[ACM Asian 1996 Problem A]

fishcrazy

1996-1997 Asia Regional
ACM International Collegiate Programming Contest
Shanghai University, Shanghai, P. R. China, Nov. 3, 1996
Problem A
Schedule Problem
Input file: schedule.in
A project can be divided into several parts. Each part should be completed continuously. This means if a part should take 3 days, we should use a continuous 3 days do complete it. There are four types of constrains among these parts which are FAS, FAF, SAF and SAS. A constrain between parts is FAS if the second one should finish after the first one started. FAF is finish after finish. SAF is start after finish, and SAS is start after start. Assume there are enough people involved in the projects, which means we can do any number of parts concurrently. You are to write a program to give a schedule of a given project, which has the shortest time.

Input
The input file consists a sequences of projects, with an empty line indicates the end of input.

Each project consists the following lines:

the count number of parts (one line)
times should be taken to complete these parts, each time occupies one line
a list of FAS, FAF, SAF or SAS and two part number indicates a constrain of the two parts
a line only contains a ¡&REG#¡&hibar indicates the end of a project
Output
Output should be a list of lines, each line includes a part number and the time it should start. Time should be a non-negative integer, and the start time of first part should be 0. If there is no answer for the problem, you should give a non-line output containing "impossible".

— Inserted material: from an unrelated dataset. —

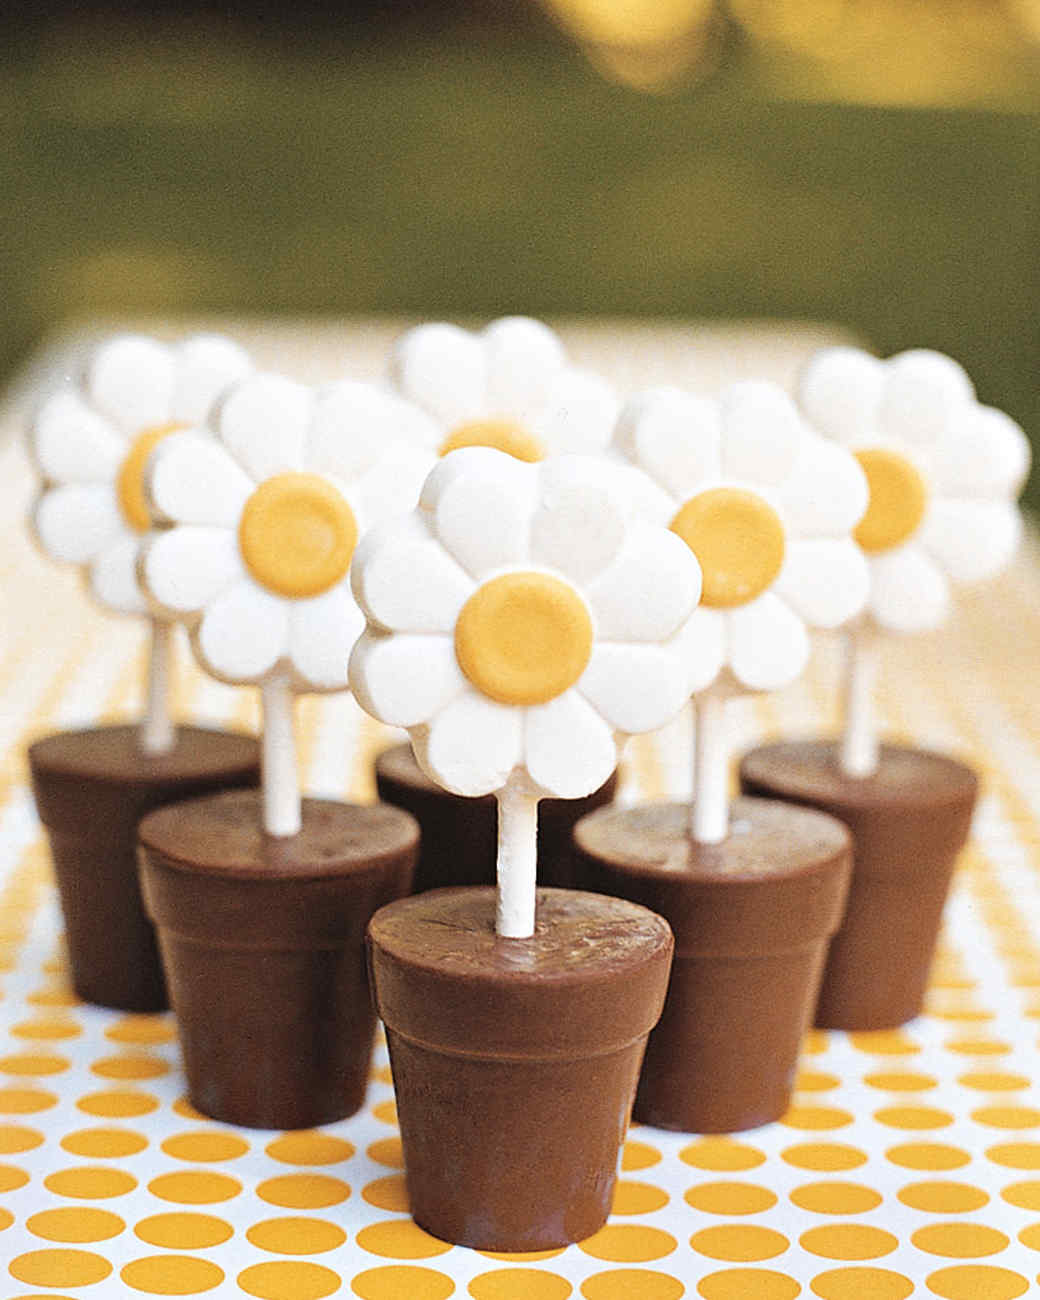 daisys-birthday-ma101007-candy02.jpg

A blank line should appear following the output for each project.

Sample Input
3
2
3
4
SAF 1 2
FAF 2 3
#
3
1
1
1
SAF 1 2
SAF 2 3
SAF 3 1
#
Output for the Sample Input
Case 1:
1 0
2 2
3 1

Case 2:
impossible

fishcrazy

很奇怪，为什么一直都是无人问津呢？

难道…… :-( 是看不懂题目？？

sjinny

[quote:f090a474fb="fishcrazy"]很奇怪，为什么一直都是无人问津呢？

难道…… :-( 是看不懂题目？？[/quote]
我可不是看不懂题目，因为......我一看是e文就给吓跑了，还没看呢~~   

fishcrazy

没有办法啊，ACM的题目就是E文，什么时候咱中国强大了，也让洋人跟着咱走

fishcrazy

一个工程可以分成几个部分，每个部分必须连续地工作才能完成。这就意味着如果其中一部分需要3天时间，那么就必须用连续3天去完成它。现在，在这些部分有四种约束条件，分别是FAF，FAS，SAS和SAF。 SAF表示第二部分必须在第一部分结束之后才能开始，同理，FAF是结束之后才能结束，SAS是开始之后才开始，FAS是开始之后才能结束。假设有足够多的工人可以同时进行工作。

写一个程序为所给的工程输出日程，要求最高效率。

fishcrazy

sjinny啊，来写写输入的部分吧，我不拿手

这个程序要求在输入规则的时候，规则的第一部分必须按照由小到大的顺序读入

例如：SAMPLE
SAF  1 2
SAS  1 4
FAS  2 1
FAS  2 3
SAS  2 4

[code:1]

/*宏定义四个规则*/
#define SAS 1
#define SAF 2
#define FAS 3
#define FAF 4

typedef struct{
     int rule;
     int first, second;
}RULE;

int n; /*工程被分为N个部分*/
int m; /*记录规则的数量*/
int times[n]; /*每个部分所需要的时间*/
int spoint[n] = {0}; /*每个部分开始的时间*/
int epoint[n]; /*每个部分结束的时间*/

RULE rule[m]; /*用结构数组存储每一条规则*/

int Caculate(int *sp, int *ep, RULE *ru, int *times)
{
     int i;
     int temp;

     ep[0] = sp[0] + times[0];

     for(i = 0; i < m; i++){
          switch(ru[i].rule)
          {
                case SAS: temp = sp[ru[i].first];
                                 break;
                case SAF: temp = ep[ru[i].first];
                                 break;
                case FAS: temp = ((sp[ru[i].first]-times[ru[i].second]) > 0 ? (sp[ru[i].first]-times[ru[i].second]) : 0);
                                 break;
                case FAF: temp = ((ep[ru[i].first]-times[ru[i].second]) > 0 ? (ep[ru[i].first]-times[ru[i].second]) : 0);
                                 break;
                default: break;
          }
          if(temp > sp[ru[i].second])
                sp[ru[i].second] = temp;
     }
     
      return 1;
}
[/code:1]